Ospedale Villa Chiara, Casalecchio di Reno, Bologna |
Le mie prime esperienze di ricovero
all’ospedale in Italia, negli anni ’80, mi fecero scoprire una curiosa
abitudine degli italiani, quella di tenere in fondo al cassetto del comò della
biancheria intima, un (magico) sacchetto con tutto il necessario per un
imprevisto ricovero ospedaliero o addirittura, in alcune zone del sud d’Italia,
per una eventuale fatalità. Il sacchetto
conteneva tutti indumenti nuovi o perfettamente puliti: un paio di mutande, canottiera,
pigiama, vestaglia, un asciugamano, ciabattine, e qualche tovagliolo, di
preferenza ricamato a mano. Tutto ciò affinché nessuno si dovesse preoccupare di
queste inconvenienze in caso di un’urgenza, ma soprattutto perché ossessionati
di fare sempre e dovunque “la bella figura”.
Non è stato facile per me
straniera acquisire questa abitudine. Spesso ho preparato volenterosa il mio
“sacchetto magico”, l’ho sistemato in fondo al mio cassetto in mezzo alla
confusione che di solito regna fra la mia biancheria intima. Ma puntualmente,
dopo un po’, incominciavo a prendere da lì qualche capo, in genere le mutande
che mi ripromettevo di sostituire al più presto possibile; ma, nonostante la
promessa, piano piano svuotavo il sacchetto e tutti gli indumenti presto
diventavano di uso quotidiano. Dentro di me speravo sempre di non dovere andare
in ospedale.
E invece no, diverse
volte dovetti ricoverarmi, grazie a Dio per cose abbastanza leggere.
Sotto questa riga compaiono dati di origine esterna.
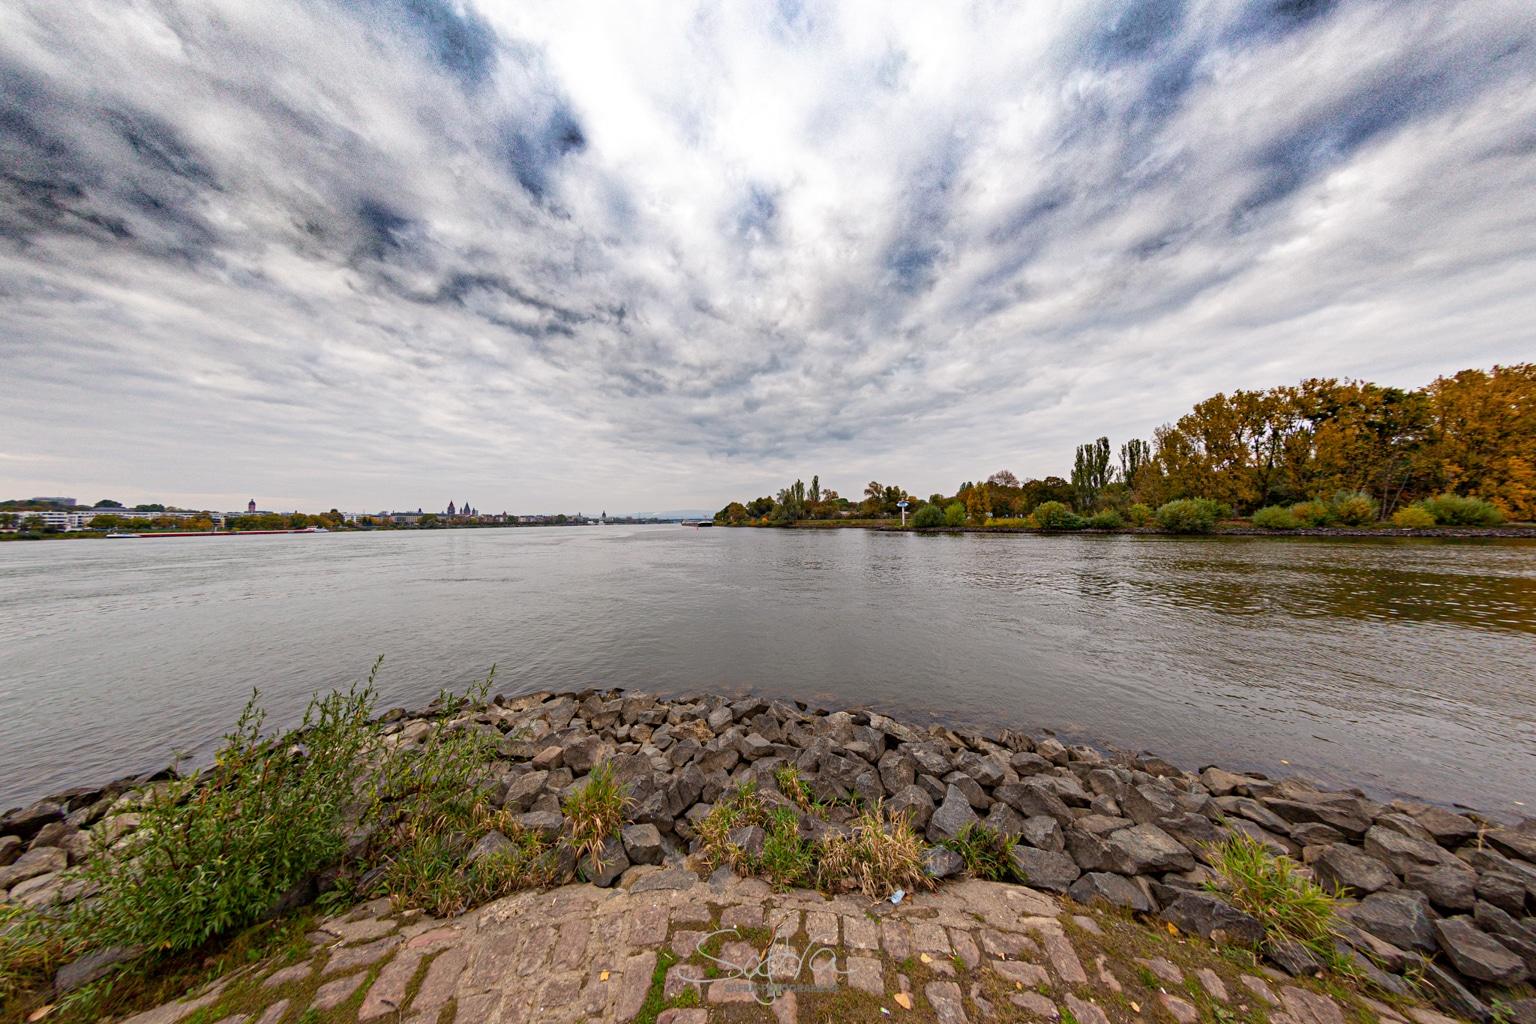 Mainmündung in den Rhein

Così ogni
volta mi vedevo nella necessità di comprare cose carine da portarmi dietro e non
fare “la brutta figura”.
Qualche mese fa ho saputo
la data per un mio intervento al ginocchio sinistro in una clinica in Emilia
Romagna, perciò ho avuto tutto il tempo necessario per preparare il borsone con
l’abbigliamento giusto.
La sera prima dell’evento
sono partita insieme a mio marito e abbiamo alloggiato in un bel bed&breakfast,
molto carino e pulito, nelle vicinanze dell’ospedale. La cosa che più mi è
piaciuta del posto è stato aver trovato sul tavolo della stanza insieme ad una
bottiglia d’acqua e due bicchieri una specie di pacchetto di libri di poesia e
filosofia, legati da un nastro di raso formando un bel fiocco azzurro; questa è
stata una piacevolissima sorpresa!
L’appuntamento la mattina
dopo era alle 6:30 a.m. per fare l’accettazione, analisi ed elettrocardiogramma.
Eravamo una ventina di persone, alcune del posto, altre di Prato e io da
Firenze. Come prima cosa sono entrata nell’ufficio di un chirurgo ortopedico
collega del mio dottore, che vuole il caso fosse molto claudicante della sua
gamba destra, mi sono seduta e sono iniziate le domande. Mi ha chiesto: Lei
deve essere sottoposta ad un intervento di artroscopia al ginocchio destro? No!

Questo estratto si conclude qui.